Maturity models can be a divisive topic. Used correctly, they set a path for an organization that has enough process and documentation to survive the varying competence of its leaders and employees. Used improperly, they become a cudgel to beat down employee morale and creativity.
My first exposure was to DOD's Capability Maturity Model circa 2000. At the time, CMM was all the rage. Indian companies were pushing for CMM level 5, and using their CMM rating to overcome the remoteness of their employees to US companies. Data suggested moving from one level to the next took 24 months. I succeeded in the challenge to shorten that to 18 months for the 30-person program I was on...from Level 2 to 3. Yippee.

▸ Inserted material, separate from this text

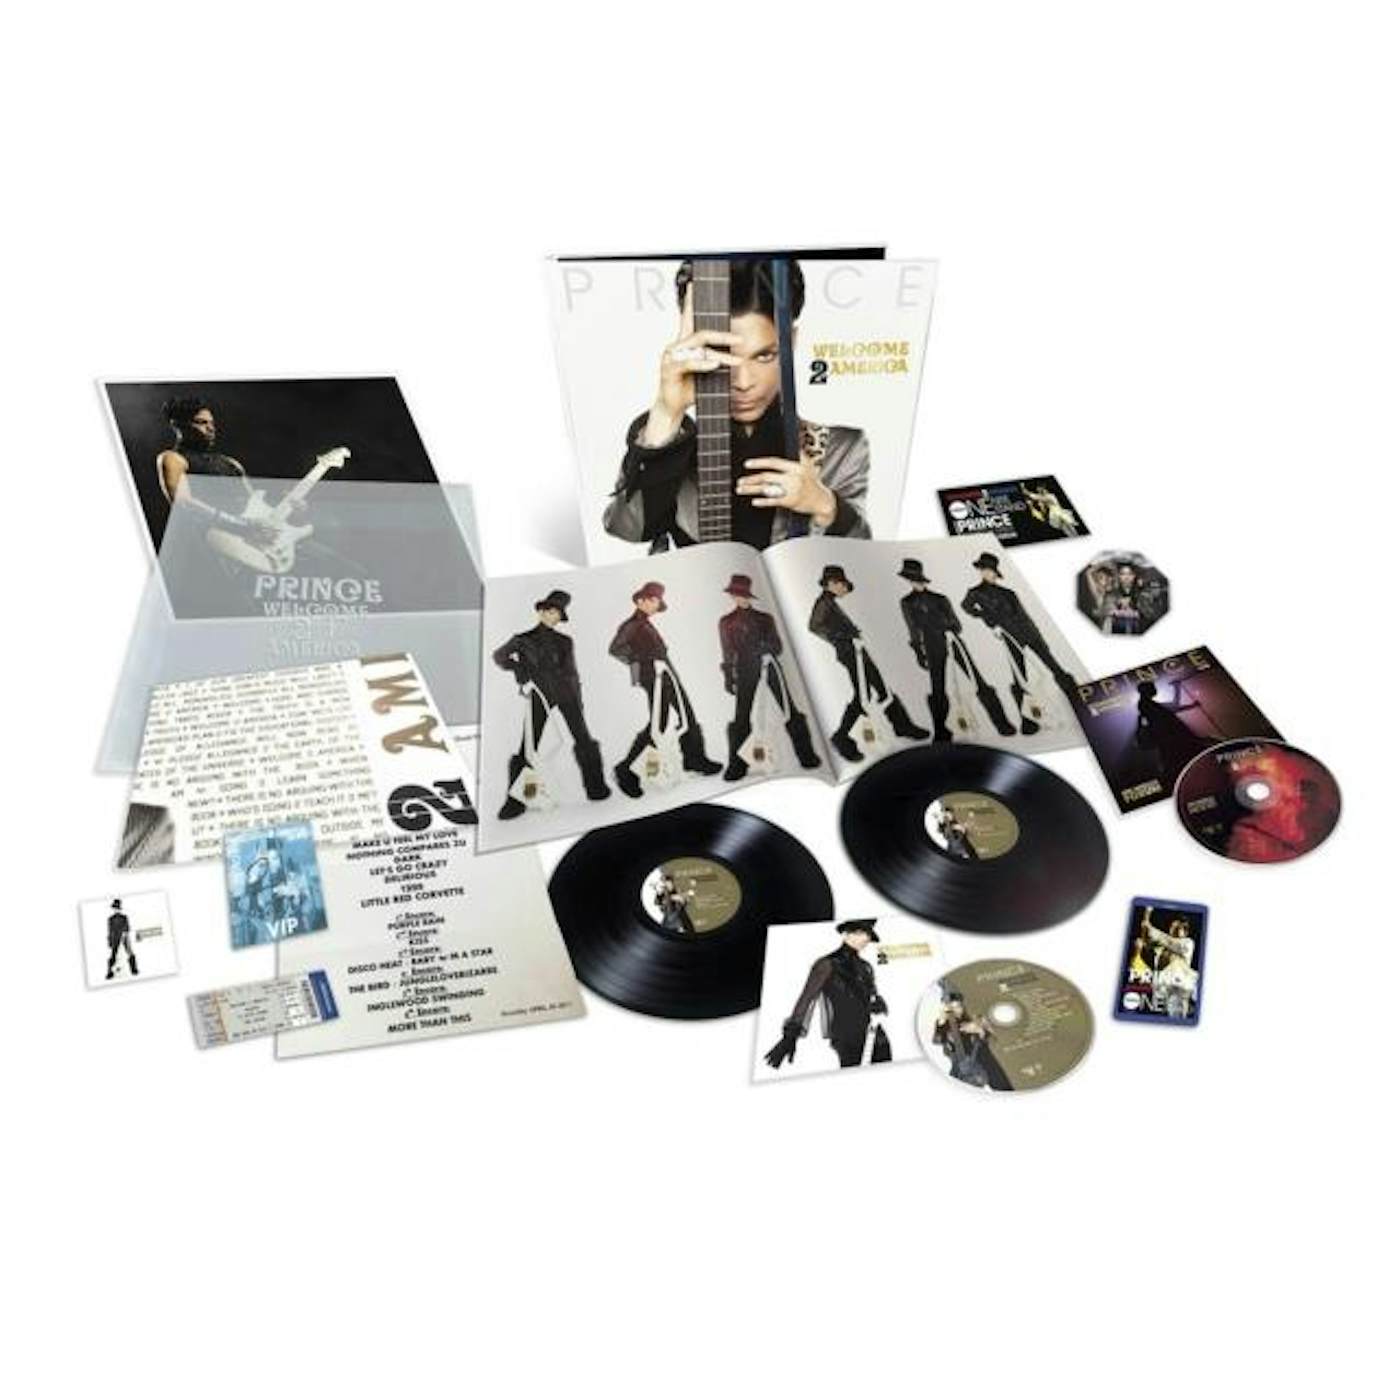 Prince "Welcome 2 America" Deluxe Edition 2xLP + CD + Blu-Ray (Vinyl)

Since then, CMM matured to include Capability tailoring. About a decade after my first use, I used that tailoring to create a framework that defined a sustainable program--any sustainable program. I combined a change management maturity framework and a tailored domain-specific framework. That program continues to use much of what we rolled out a decade earlier.
"Culture change takes ten years, and you are always in Year Five." I've waxed poetic about culture earlier in this blog. The culture is, and leadership pushes against its inertia to change it. That's why it takes a decade, and why you are always in the middle of the culture change. That's also why mediocre organizations benefit briefly from inspired leadership. Personalities move on, and the culture reverts to stasis. That typifies what CMM describes as Level 1-Ad Hoc. There are flashes of brilliance due to heroics, but no follow through to standardize brilliance.

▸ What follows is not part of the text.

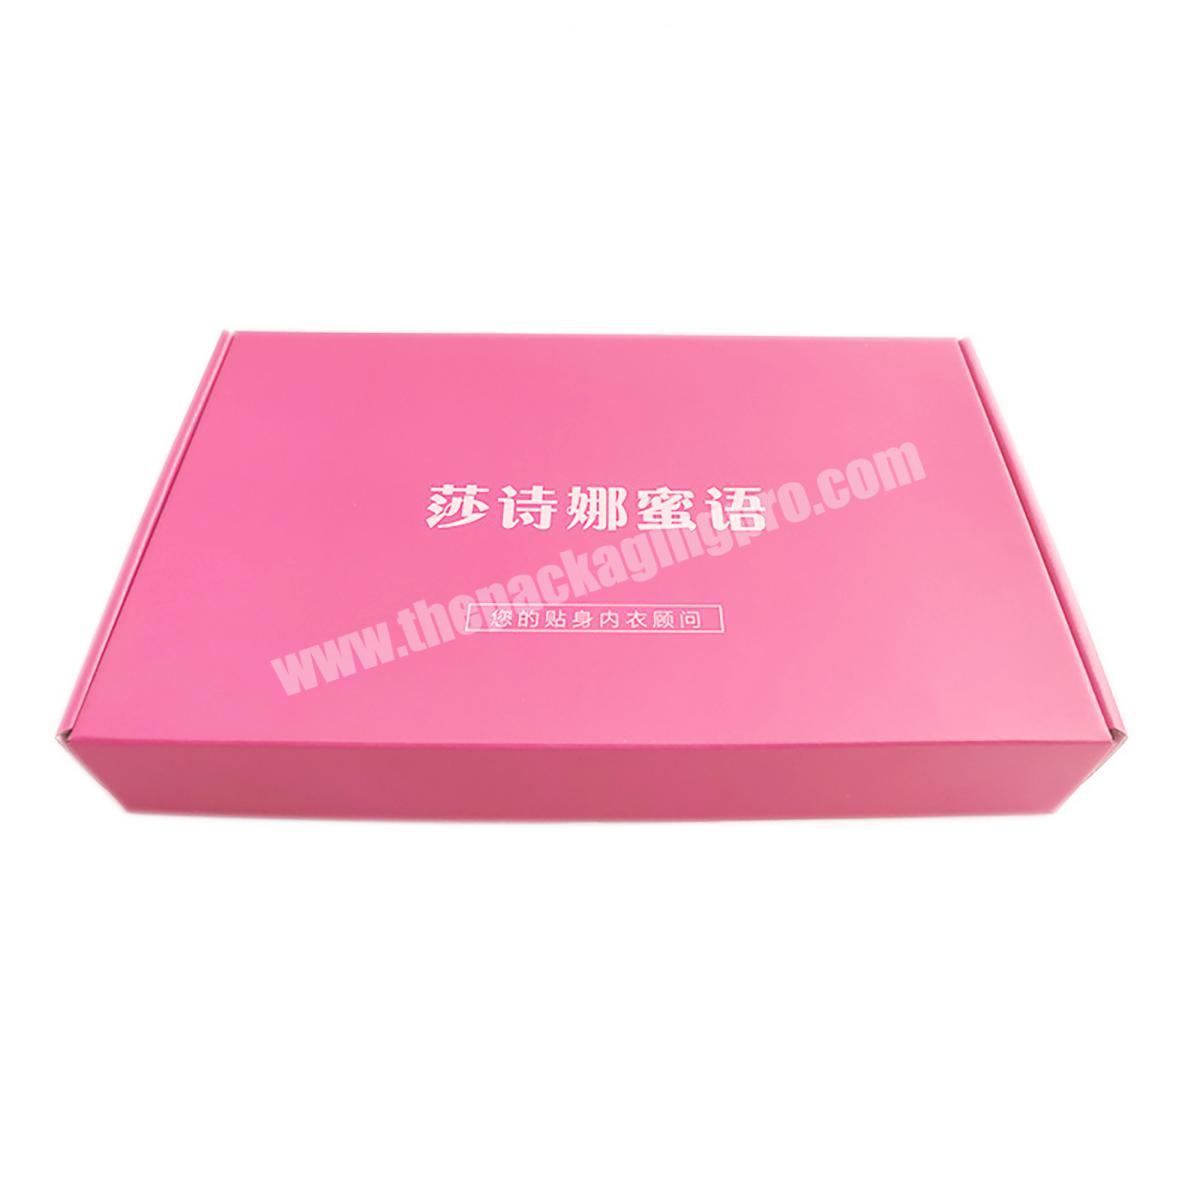 Mailer Box Manufacture Customized Colored Mailer With Custom Logo ...

What happened to all those companies that went to CMM-5? Within five years, they were out of business. Their process management became too expensive, and they priced themselves out of the market. I opine CMM-3 is the sweet spot, where all aspects of an organization are defined, documented, and followed. Individual heroics are replaced with repeatable brilliance. Interestingly, capability tailoring caps out at CMM-3.
I grew up believing that a parent's success is shown by how their grandchildren turn out. It means their kids turned out well, married suitable spouses who helped create a suitable family for the grandkids. Success as a manager can only be measured if the organization they transformed sustains that transformation years after they left. Otherwise, it's just heroics.